Ondine Biomedical data shows 78.5% infection reduction in nasal brain surgery
Ondine Biomedical (AIM:OBI) has published clinical data showing its nasal photodisinfection technology reduced infections by 78.5% in patients undergoing endoscopic brain surgery, procedures that access the brain through the nasal passage and carry an elevated self-infection risk from pathogens residing in the nose. CEO Carolyn Cross described the nasal route as a "remarkable medical advancement" that inherently raises infection risk, positioning Ondine's technology as a targeted solution to a structural clinical problem.
The result is among the most compelling efficacy data the company has reported and strengthens the commercial case for adoption in neurosurgery departments, where infection rates carry severe consequences for patient outcomes.
Seeing Machines wins US$31m expansion of European automotive OEM contract
Seeing Machines (AIM:SEE) has secured a US$31m expansion to an existing production programme with a European original equipment manufacturer, extending its in-cabin driver monitoring technology across additional vehicle models in China, the United States and Europe. The contract expansion broadens both the geographic and model-line reach of an already live programme, providing a more durable revenue base than a new-business win alone.
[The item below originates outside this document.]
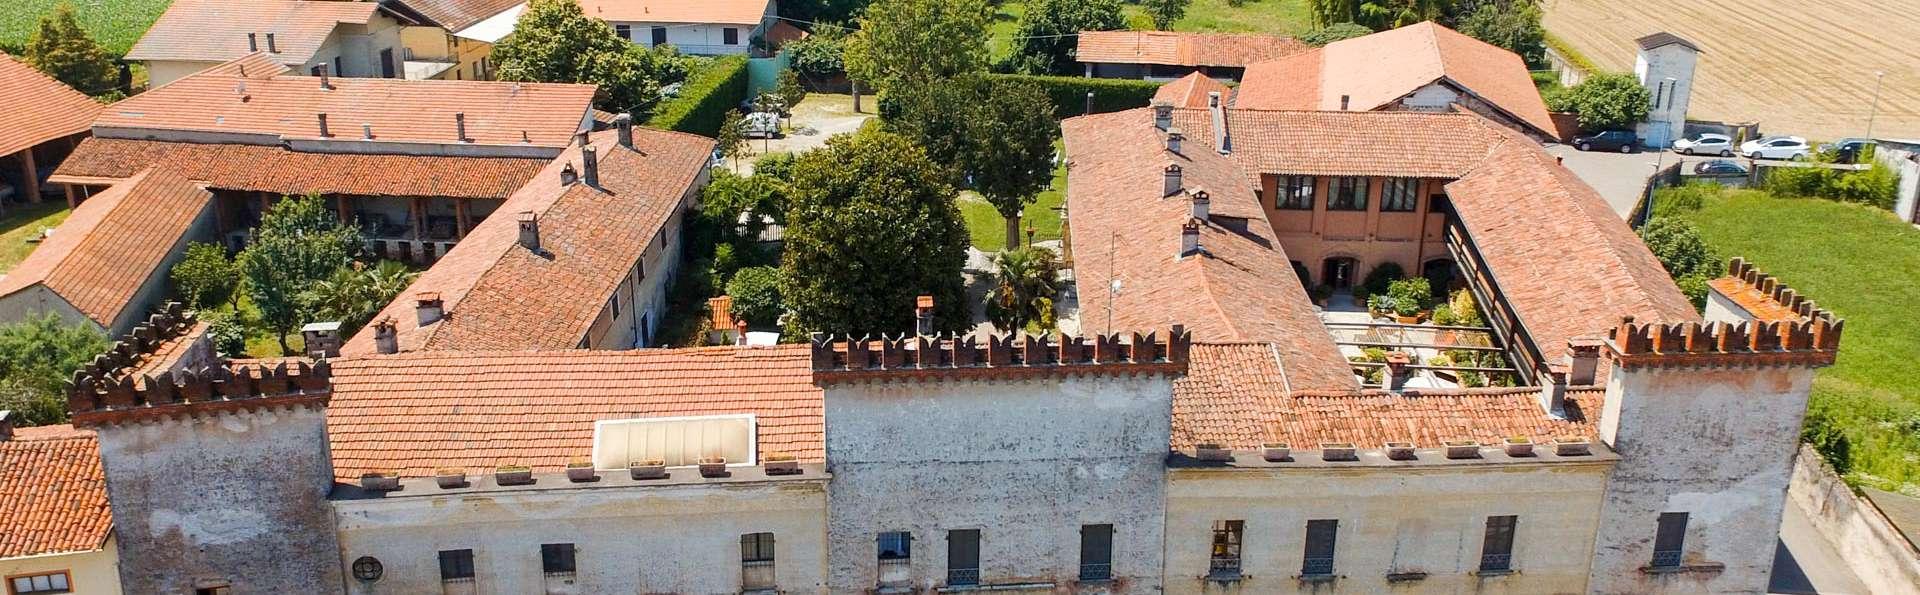 Hotel Tenimento Al Castello - EDIT_AERIAL_02.jpg

Costain selected to build Norfolk link road enabling 4,000 new homes
Costain Group (LSE:COST) has been appointed by Norfolk County Council to design and build a new link road south of King's Lynn, a piece of enabling infrastructure that will unlock the delivery of up to 4,000 homes as part of a £122m housing scheme. The contract adds to Costain's order book in the infrastructure segment and reflects continued public-sector investment in housing-enabling road schemes.
FirstGroup launches £100m buyback after 25% revenue rise
FirstGroup (LSE:FGP) announced a £100m share buyback programme alongside full-year results showing a 25% rise in adjusted revenue for the year ended 28 March. Earnings per share advanced from 19.4p to 20.3p, and the buyback signals board confidence in the group's cash generation capacity across its UK bus and rail operations.
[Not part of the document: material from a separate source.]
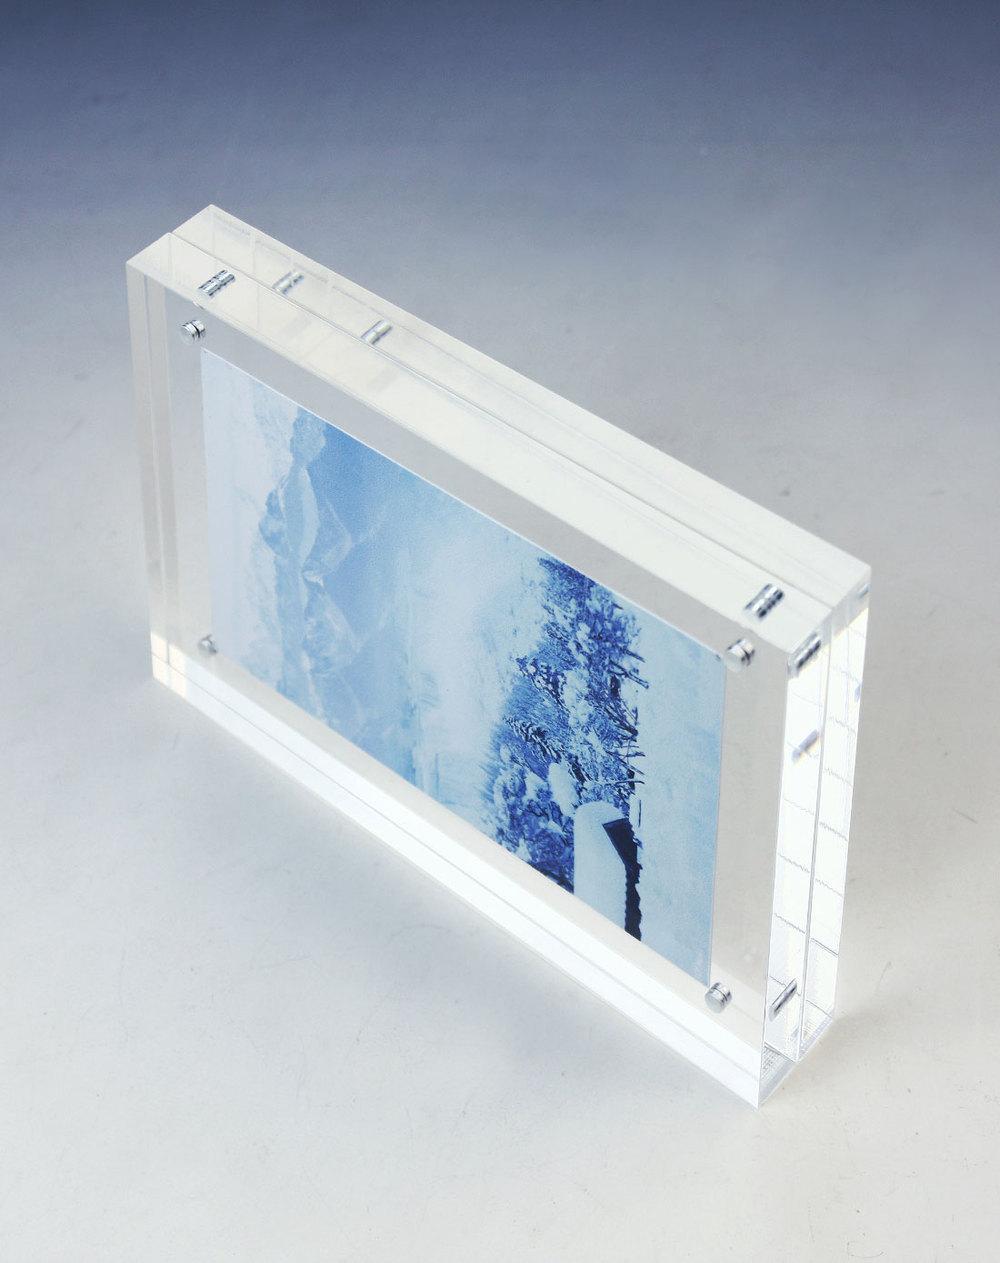 high quality acrylic photofunia photo frameacrylic magnetic photo frame wholesale.jpg

Whitbread posts 2% sales growth as Premier Inn outpaces UK hotel sector
Whitbread (LSE:WTB) reported 2% sales growth in the period, with its Premier Inn brand outperforming the broader UK hotel market. The group said strong leisure bookings have put its forward booked position ahead of the prior year, and chief executive Dominic Paul expressed confidence in the full-year outlook. The result underscores Premier Inn's structural advantage as a value-positioned brand in a market where cost-conscious travellers continue to trade down from higher-rated hotels.
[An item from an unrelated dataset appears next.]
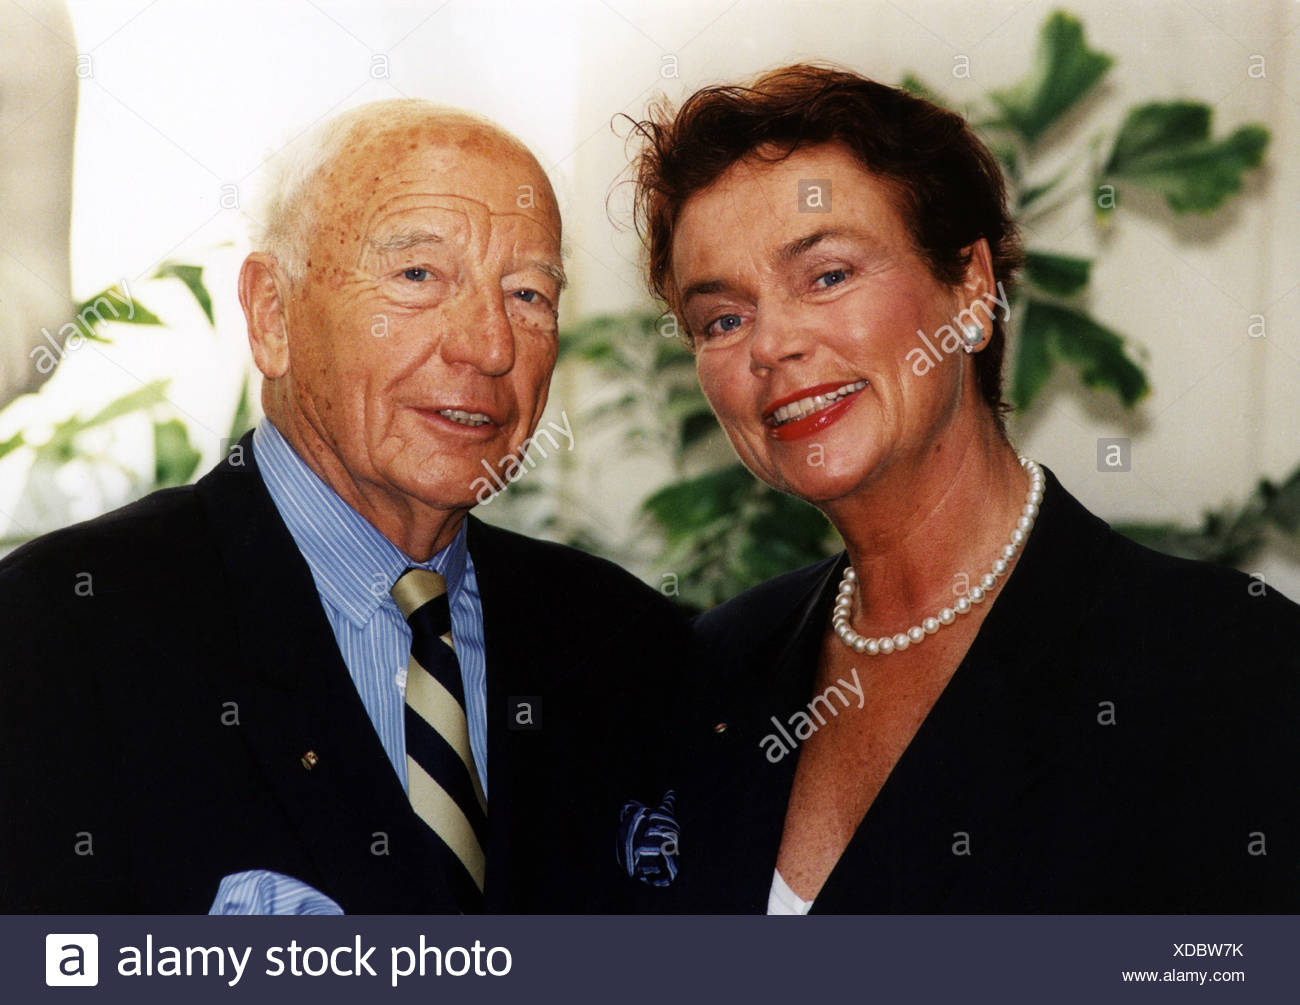 Scheel Walter * 8.7.1919, German politician (FDP), portrait, with his wife Barbara, on occasion of his 60th birthday in Berlin, Stockbild

FCA closes Drax investigation with no enforcement action
Drax Group (LSE:DRX) confirmed that the Financial Conduct Authority has closed its investigation into the company without taking any action. CEO Will Gardiner said the group had worked "constructively" with the regulator throughout the process and acknowledged the importance of regulatory compliance. The closure removes a material overhang that had weighed on the company's regulatory standing.
Kistos takes final investment decision on seven-well Balder Next project
Kistos Holdings (AIM:KIST) has taken a final investment decision on the Balder Next development project, a seven-well programme designed to deliver significant additional production volumes from the Balder field. Executive Chairman Andrew Austin said the project carries a breakeven cost of approximately US$30 per barrel of oil equivalent, a level that provides meaningful headroom against current oil prices and underpins the economics of the investment.